Dua tahun berlalu, dan meskipun kehidupan Noir tidak banyak berubah, sesuatu di dalam dirinya telah bergeser. Perasaan kosong yang dulu menguasainya kini digantikan oleh tekad yang tak terdefinisi. Pagi itu, saat ia melangkah menuju lapangan di belakang akademi, matanya menangkap pemandangan yang tak asing namun kini terasa berbeda.
Sekelompok murid dari keluarga bangsawan sedang berlatih sihir. Mereka mengayunkan tangan, menciptakan bola api, mengendalikan angin, dan menyulap benda-benda. Bagi mereka, sihir adalah hal yang wajar, sebuah anugerah sejak lahir. Namun bagi Noir, itu adalah simbol dari segala yang tidak ia miliki. Itu adalah kekuatan, kebebasan, dan kemampuan untuk mengubah dunia.
"Seandainya aku bisa melakukannya," gumam Noir.
Meskipun ia tahu itu adalah khayalan, kekaguman tumbuh dalam dirinya.
"Jika mereka bisa melakukannya, kenapa aku tidak?" Pikirnya. Matanya terfokus pada bola api yang terbentuk di tangan seorang murid.

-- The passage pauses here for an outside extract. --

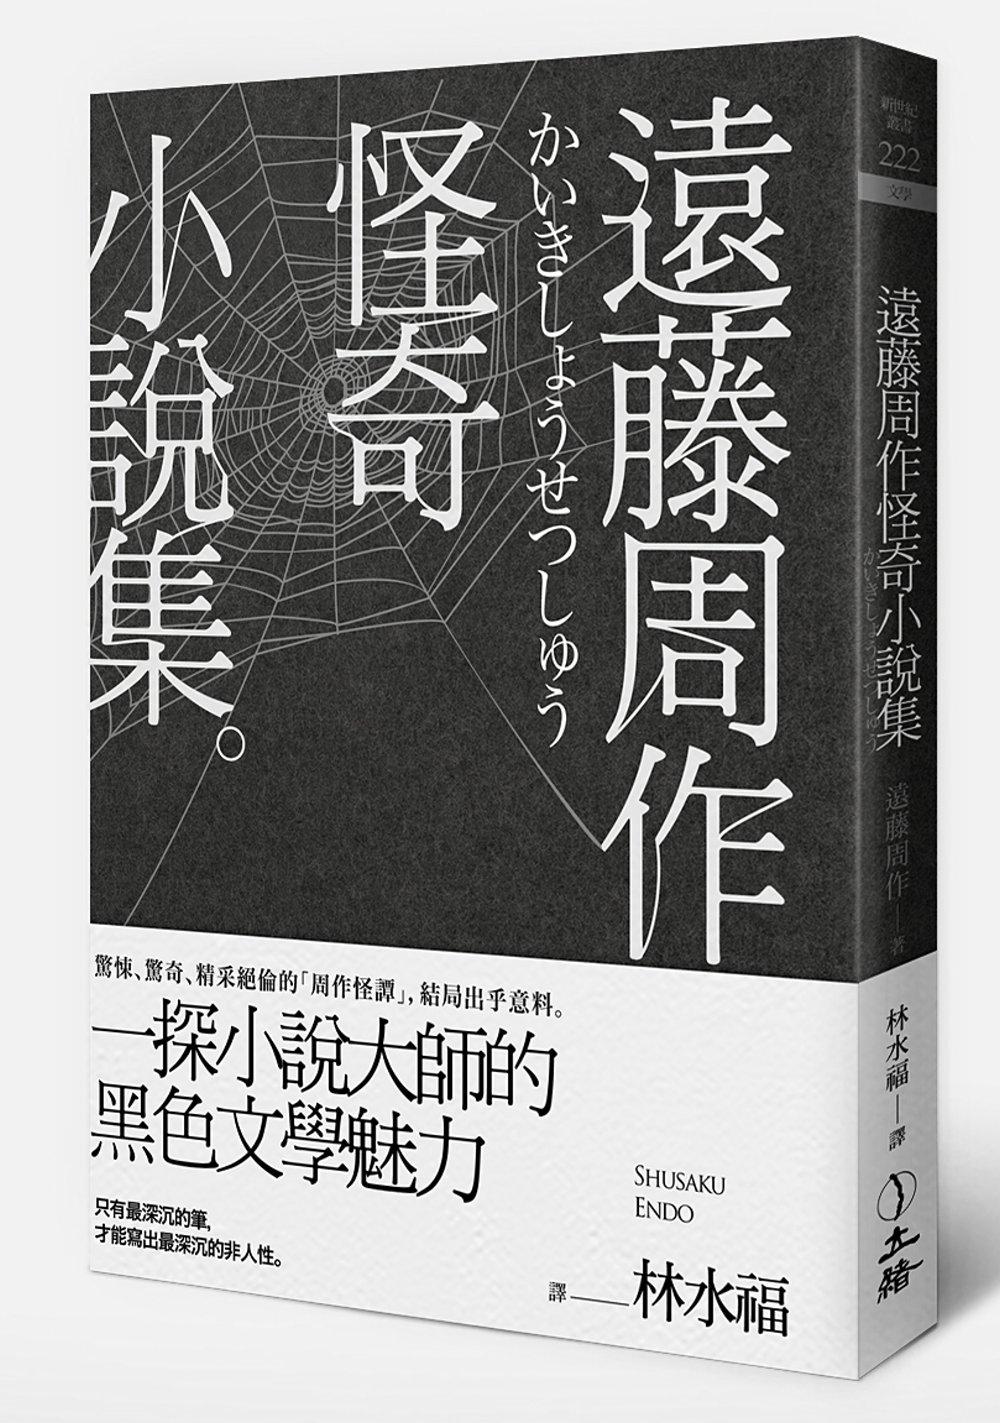 遠藤周作怪奇小說集

"Jika aku belajar, mungkin… mungkin ada cara untuk mengubah dunia ini."
Di sisi lain lapangan, kelompok murid lainnya sedang berlatih dengan pedang dan senjata. Suasananya lebih keras, lebih terfokus. Mereka berlatih dengan penuh semangat, setiap ayunan pedang seolah mengandung janji akan masa depan yang penuh kemenangan dan kehormatan.
Bagi mereka, ini bukan hanya soal bertahan hidup, melainkan tentang membangun citra diri dan kekuasaan.
Noir mengamati dengan mata tajam, merasakan perpaduan kekaguman dan keraguan. Senjata adalah simbol kekuatan, sesuatu yang terasa begitu jauh dari hidupnya yang hina. Ia hanyalah pemungut sampah, terjebak dalam rutinitas yang kotor.
Namun, perasaan aneh itu muncul lagi.
"Kenapa tidak aku?" bisik suara dalam hatinya.
Dulu, ia hanya melihat senjata sebagai alat pembunuh, sesuatu yang menakutkan. Tetapi kini, ia melihat kemungkinan lain. Mungkin senjata bisa digunakan untuk sesuatu yang lebih besar—keadilan, atau bahkan kebebasan. Ia melangkah lebih dekat, mengamati gerakan lincah para murid itu.
Ia ingin belajar, ingin merasakan apa yang mereka rasakan: kekuatan, kontrol, dan ketenangan dalam pertempuran. Jika sihir tidak mungkin baginya, mungkin seni bertarung bisa menjadi jalan lain. Ia tidak tahu bagaimana atau di mana harus memulai, tetapi untuk pertama kalinya setelah sekian lama, ia merasa ada kemungkinan untuk melangkah lebih jauh.
Mungkin, dengan kekuatan dari tangannya sendiri, ia bisa menemukan cara untuk mengubah nasibnya. Harapan samar dari buku itu kini mulai terwujud dalam sebuah tekad yang tak terucapkan.